→ Exercise details
Reproduce the full listing below exactly. Do not include the pictures.

→ Recorded data
+ + + + + + +

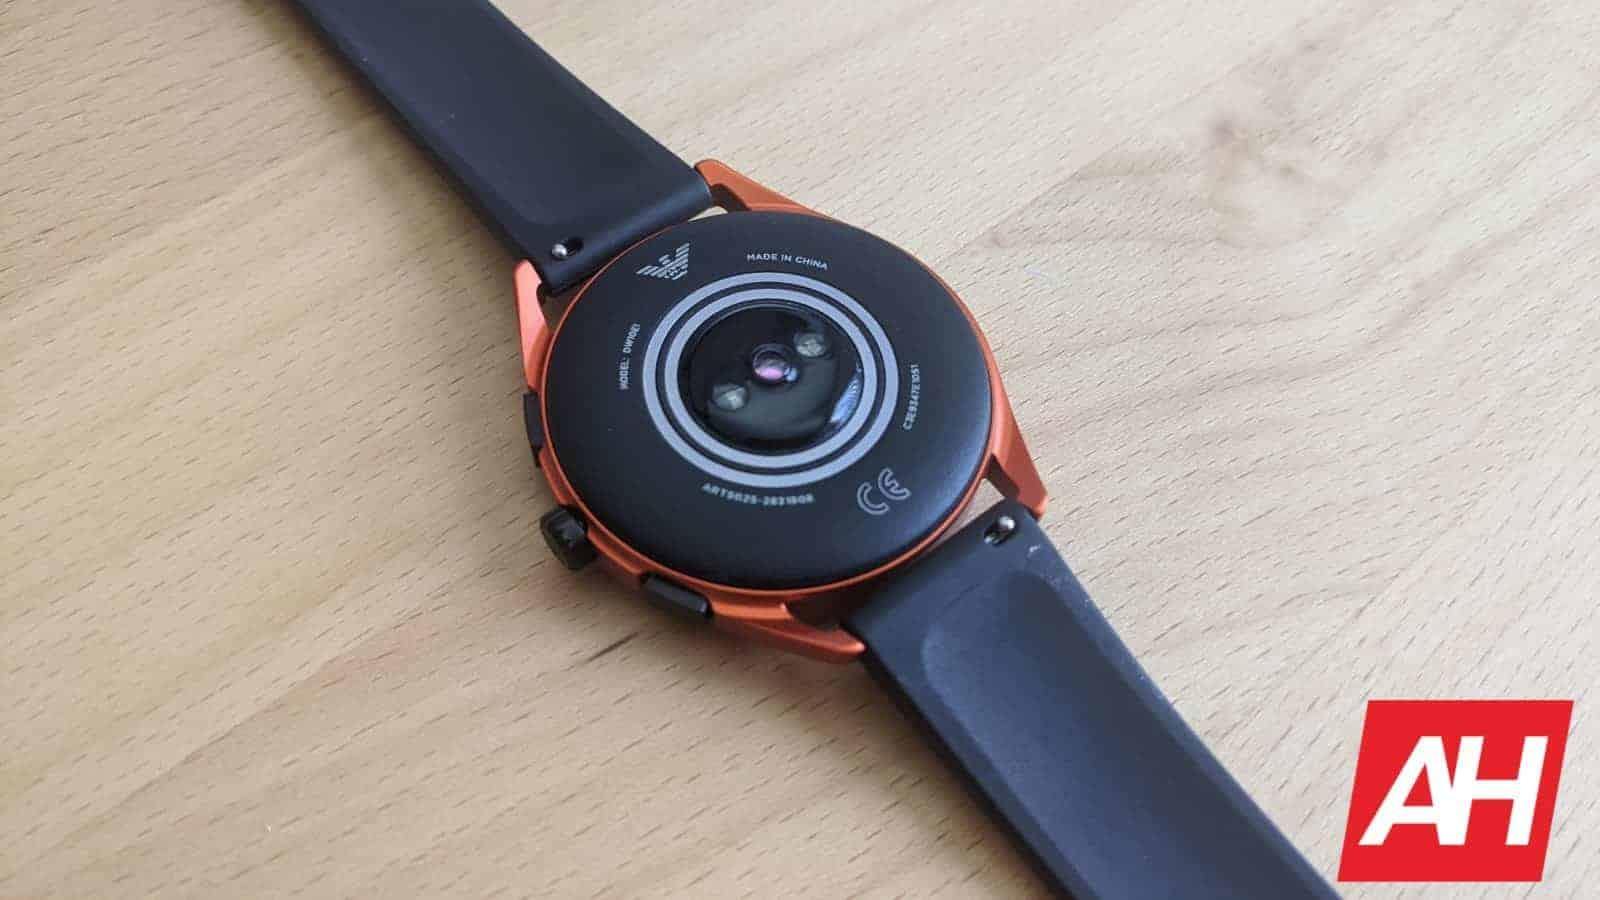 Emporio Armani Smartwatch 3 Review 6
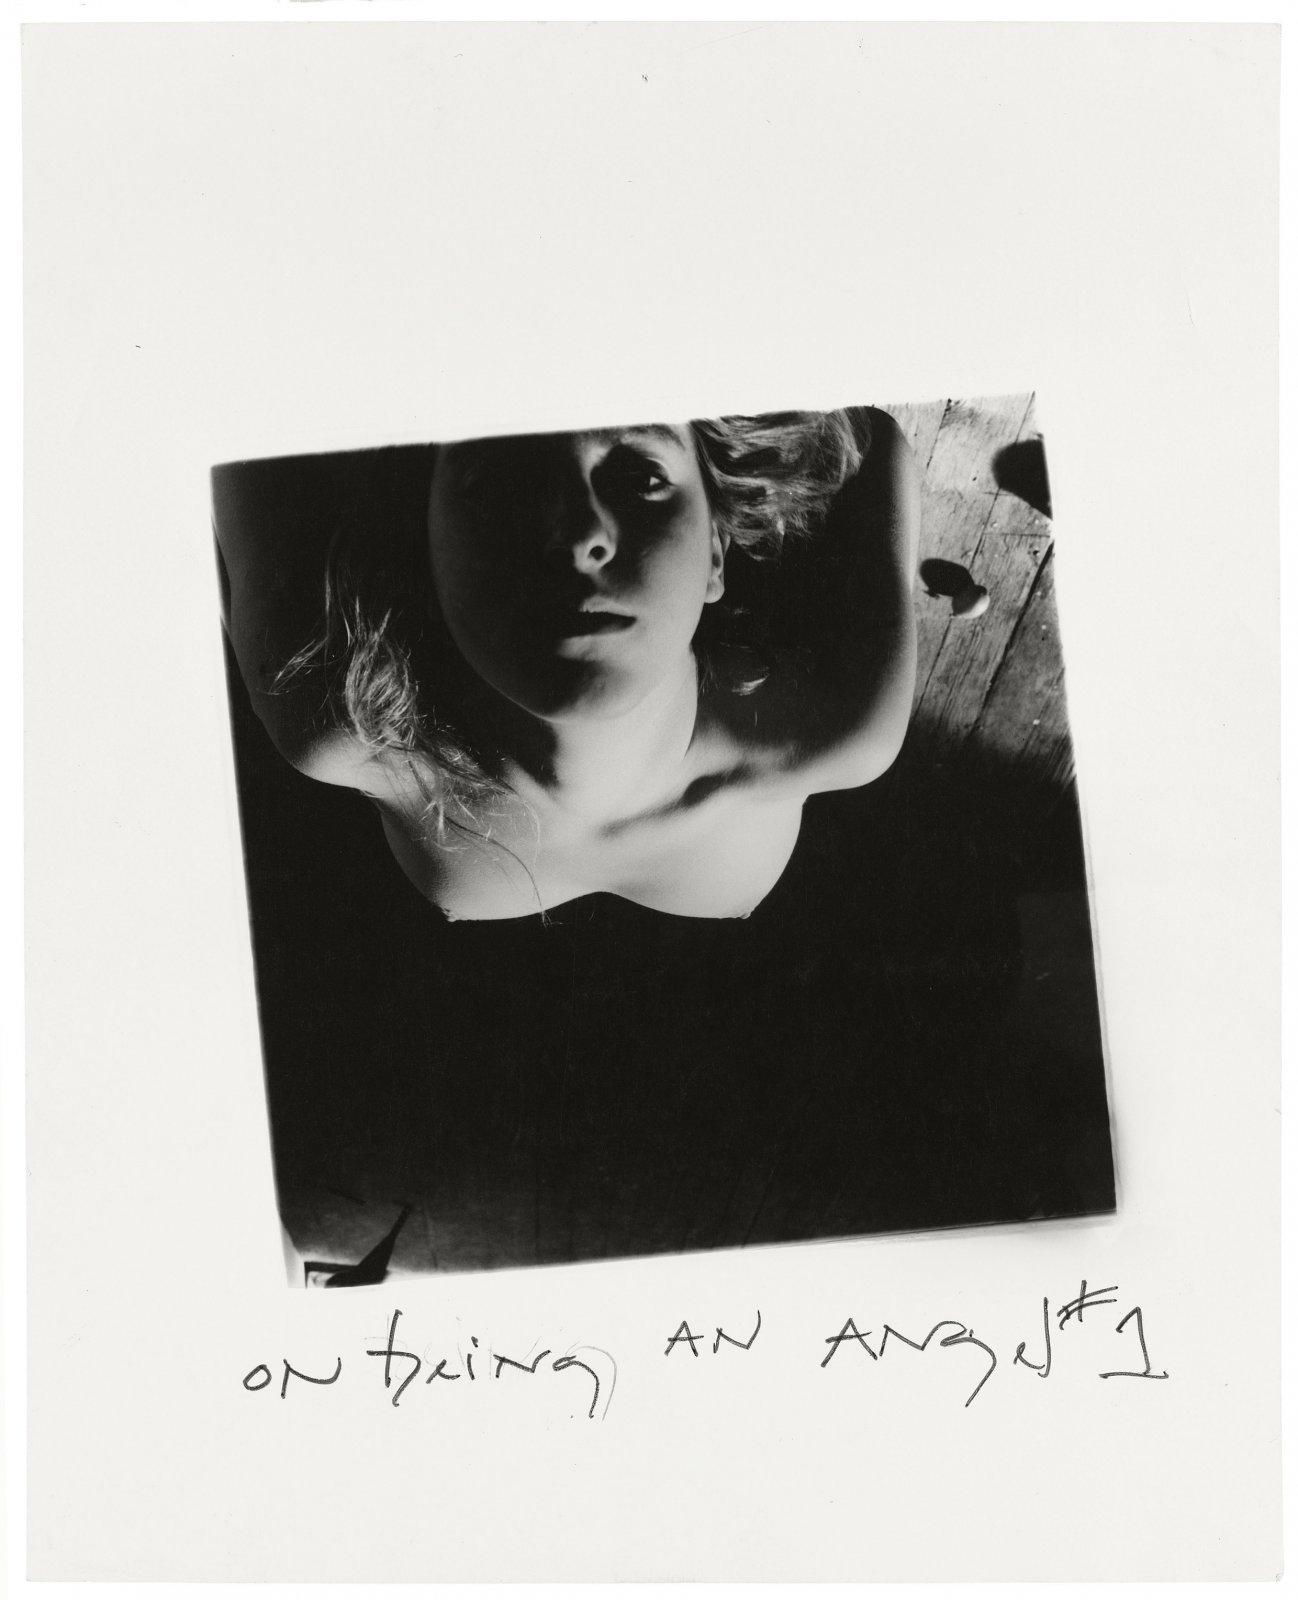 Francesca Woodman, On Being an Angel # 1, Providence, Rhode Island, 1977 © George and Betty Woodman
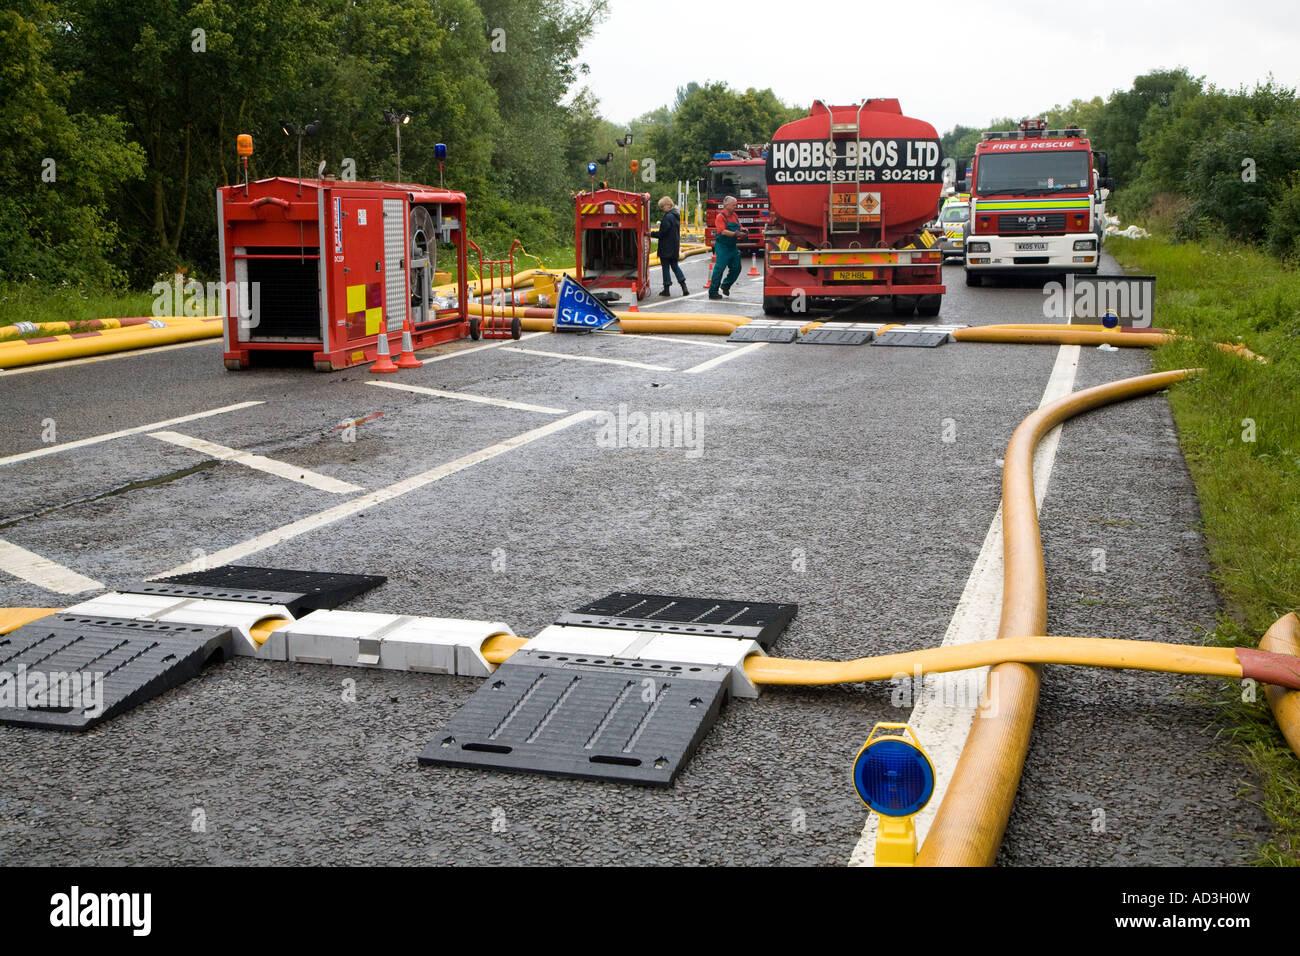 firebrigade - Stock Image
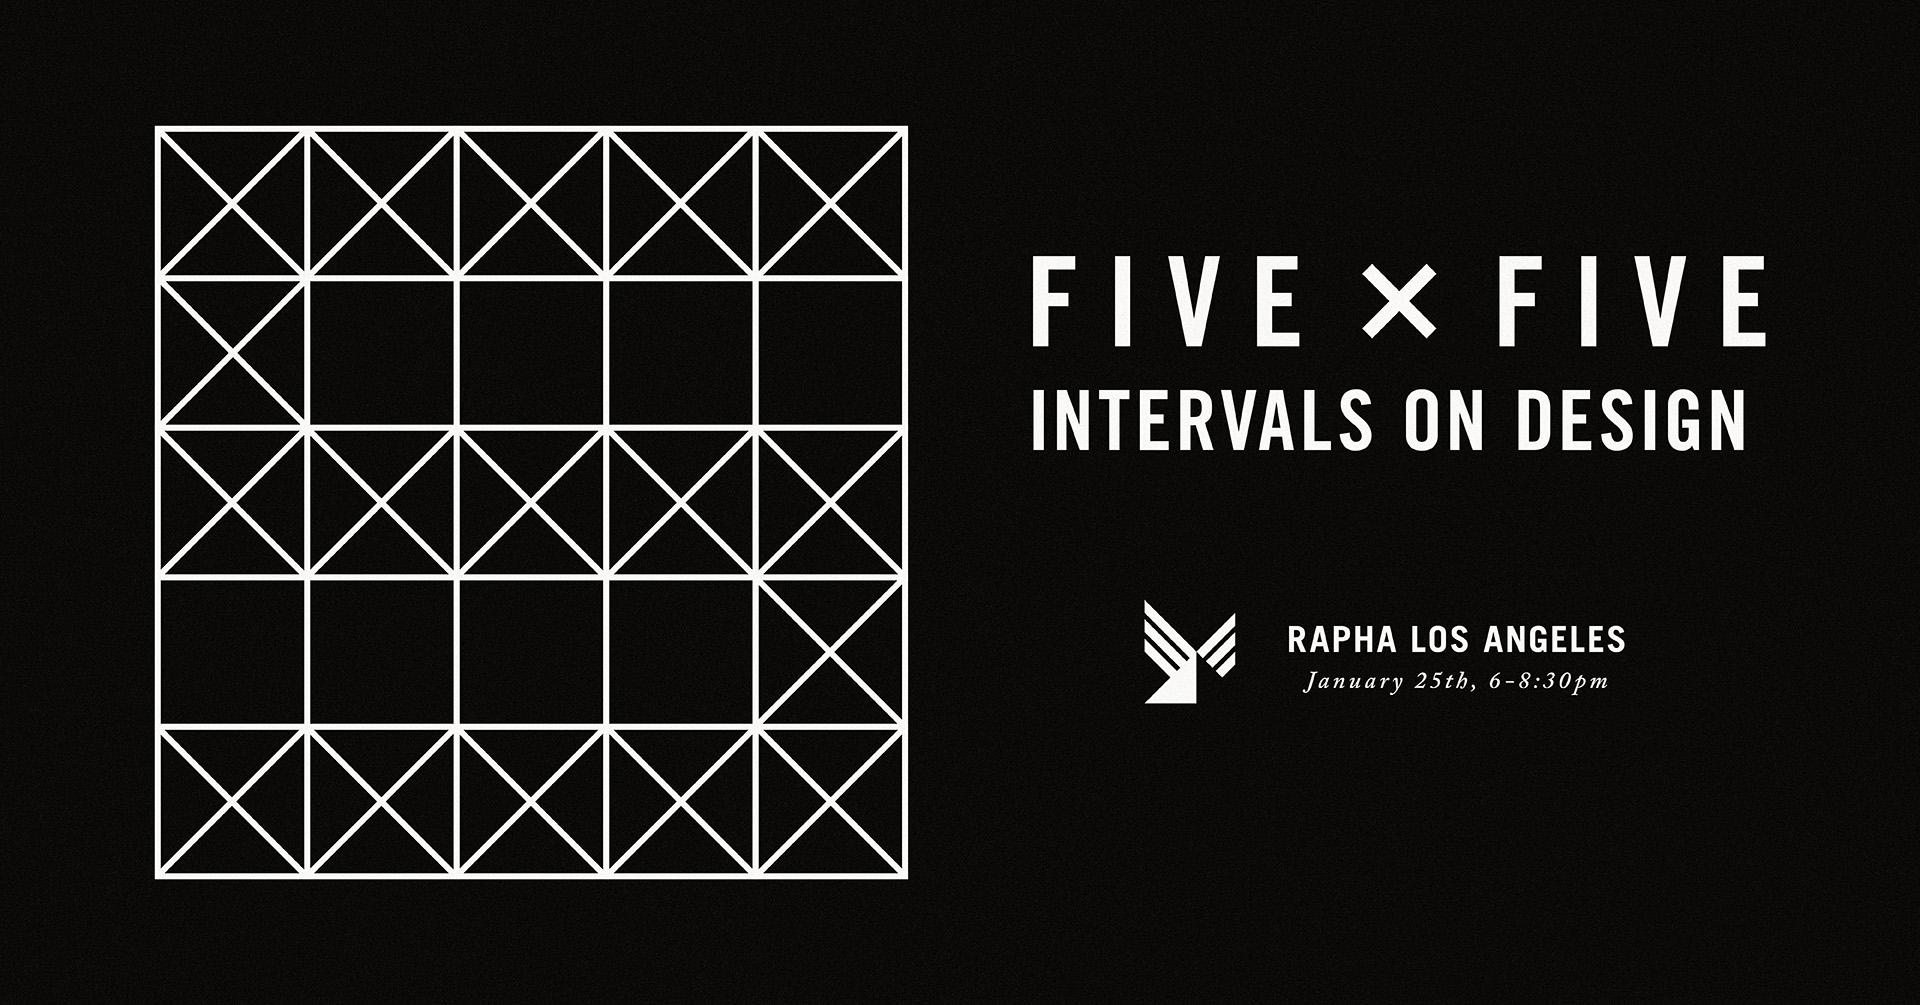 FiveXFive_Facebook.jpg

+ + + + + + +

→ Task output
 Emporio Armani Smartwatch 3 Review 6
 Francesca Woodman, On Being an Angel # 1, Providence, Rhode Island, 1977 © George and Betty Woodman
 firebrigade - Stock Image
 FiveXFive_Facebook.jpg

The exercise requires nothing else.